Simon Kirby
Main Page: Simon Kirby (Conservative - Brighton, Kemptown)Department Debates - View all Simon Kirby's debates with the Cabinet Office
(13 years, 5 months ago)
Commons ChamberI beg to move,
That this House, while agreeing that there needs to be a constant reassessment of the role, effectiveness and relevance of public bodies, declines to give a second reading to the Public Bodies Bill because it fails to provide a full and comprehensive plan for the reform of public bodies; regrets that Ministers have failed to properly cost reforms and identify savings, have failed to understand the important functions performed by some of the bodies affected by the Bill and therefore to provide for credible successor arrangements, have failed to consult properly on proposed reforms with the public and the bodies themselves, and have failed to undertake a proper impact assessment of each affected body; and considers that the overall effect of these failings has been that the House has been presented with legislative proposals which undermine the credibility of the proper processes of government.
It gives me great pleasure to move the reasoned amendment in my name and those of my right hon. and hon. Friends. I have listened closely to what the Minister has said. He was courteous and kind about the treatment of the Bill in another place, but to describe the scrutiny process in the terms he did was an understatement. In fact, the Bill, which in its original form gave him licence to meddle on an unprecedented scale in the affairs of bodies discharging functions on behalf of the public, was not just overhauled, but was mauled by the scrutiny of another place. Lord Woolf said that it was
“a matter of grave concern to the judiciary.”—[Official Report, House of Lords, 9 November 2010; Vol. 722, c. 75.]
The Lords Constitution Committee said that it struck
“at the very heart of our constitutional system”,
and Baroness Royall was not alone in saying that
“this is a bad Bill. It is badly thought out, badly structured, badly executed, bad for the constitution, bad for public bodies and bad for government.”—[Official Report, House of Lords, 9 November 2010; Vol. 722, c. 68.]
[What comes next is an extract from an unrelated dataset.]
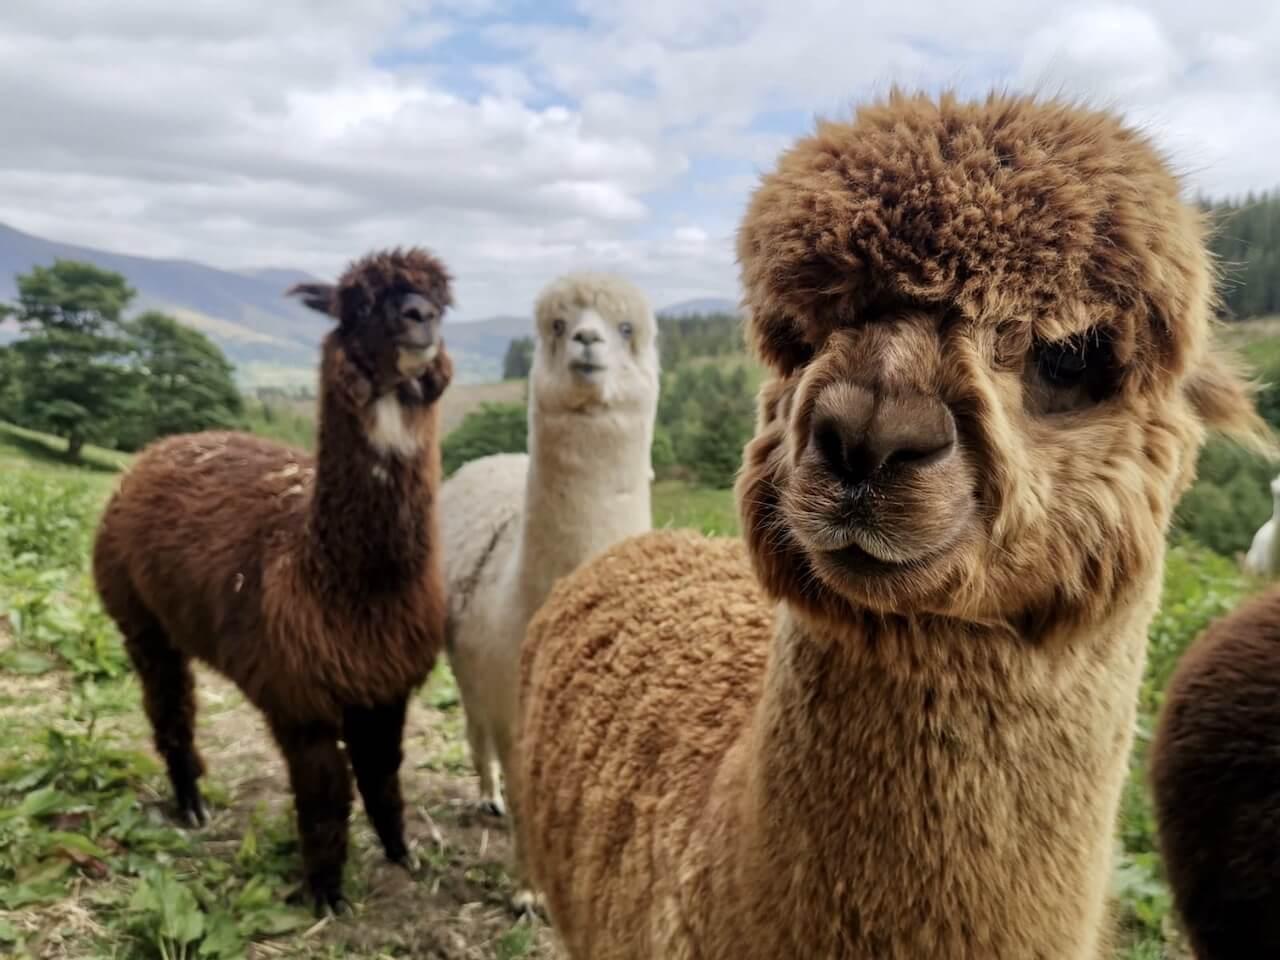 alpaca adventure in wales, uk.

I listened closely to what the Minister said were his intentions for the scrutiny of the Bill in the House, and I would like to put him on notice: we will fight with every available argument to ensure proper protection for the Youth Justice Board, which has led to such a dramatic fall in youth crime, and we will fight to honour and see implemented the commitment to the office of the chief coroner. The Minister can deploy a parliamentary majority to vote down the decisions taken in another place, but, as has been indicated already by my right hon. and hon. Friends, as well as other right hon. and hon. Members, he will not be able to defeat the argument in the country over the chief coroner—an argument supported eloquently by the Royal British Legion. I therefore hope that, with humility, he will take heed of the debate and judge it on its merits.
The original Bill, as published by the Tory-led coalition, planned to sell off our forests. I would like to pay the warmest tribute to the campaign so excellently and eloquently led by my hon. Friend the Member for Wakefield (Mary Creagh), which rightly saw a climbdown by the Government and brought together 600,000 people in a campaign against the sale of our national heritage. The original Bill also left 150 organisations in the organisational limbo of what was then schedule 7 of the Bill—sounds innocuous enough, does it not? But Channel 4 was listed, as were the Independent Police Complaints Commission, the Charity Commission, the Criminal Cases Review Commission and the independent Judicial Appointments Commission. All were placed in a schedule that would have left them open to being axed at the stroke of a Minister’s pen.
The process of these reforms has been deeply flawed, and the Government still lack detailed plans for many of the bodies that they are seeking to change, merge or abolish. They have produced a Bill before a plan, rather than a plan before a Bill. Having said that—by way of introduction—of course we support the reform of public bodies and public services. Indeed, before the election, the previous Labour Government had put in place a programme to reform public bodies. That programme must be constant and continuing.
Nevertheless, these organisations carry out an enormous range of important public functions and play an important part in the life of the people of this country, providing support for our universities, our sports culture and the arts, standing up for vulnerable people, holding Governments to account, upholding minimum standards and helping to improve our public services. As the Institute for Government, of which I am a fellow—an unremunerated position—wrote,
“public bodies are now fundamental to the function of Government.”
The needs of the country constantly change and our public bodies must change too, which is why every Government need constantly to reassess their role, effectiveness and relevance. We did that and the Government are doing the same. That is not the issue. When we came to power in 1997, there were almost 1,130 public bodies, and by the time of our 2009 review, we had cut their number to about 750—a reduction of almost one third.
The right hon. Lady claims that her Government reduced the number of quangos, but actually spending went up in real terms by about 50%. How does she explain that?
We ought to take into account the reduction of bodies at the Department of Health, link to that the significant reduction in the number of bodies announced by the Haskins review of Natural England and consider the systematic reduction in the number of other bodies, as well as the fact that some were merged and others increased their functions. However, in March 2010, we announced plans to go further and faster and to reduce the overall number of bodies by a further 123.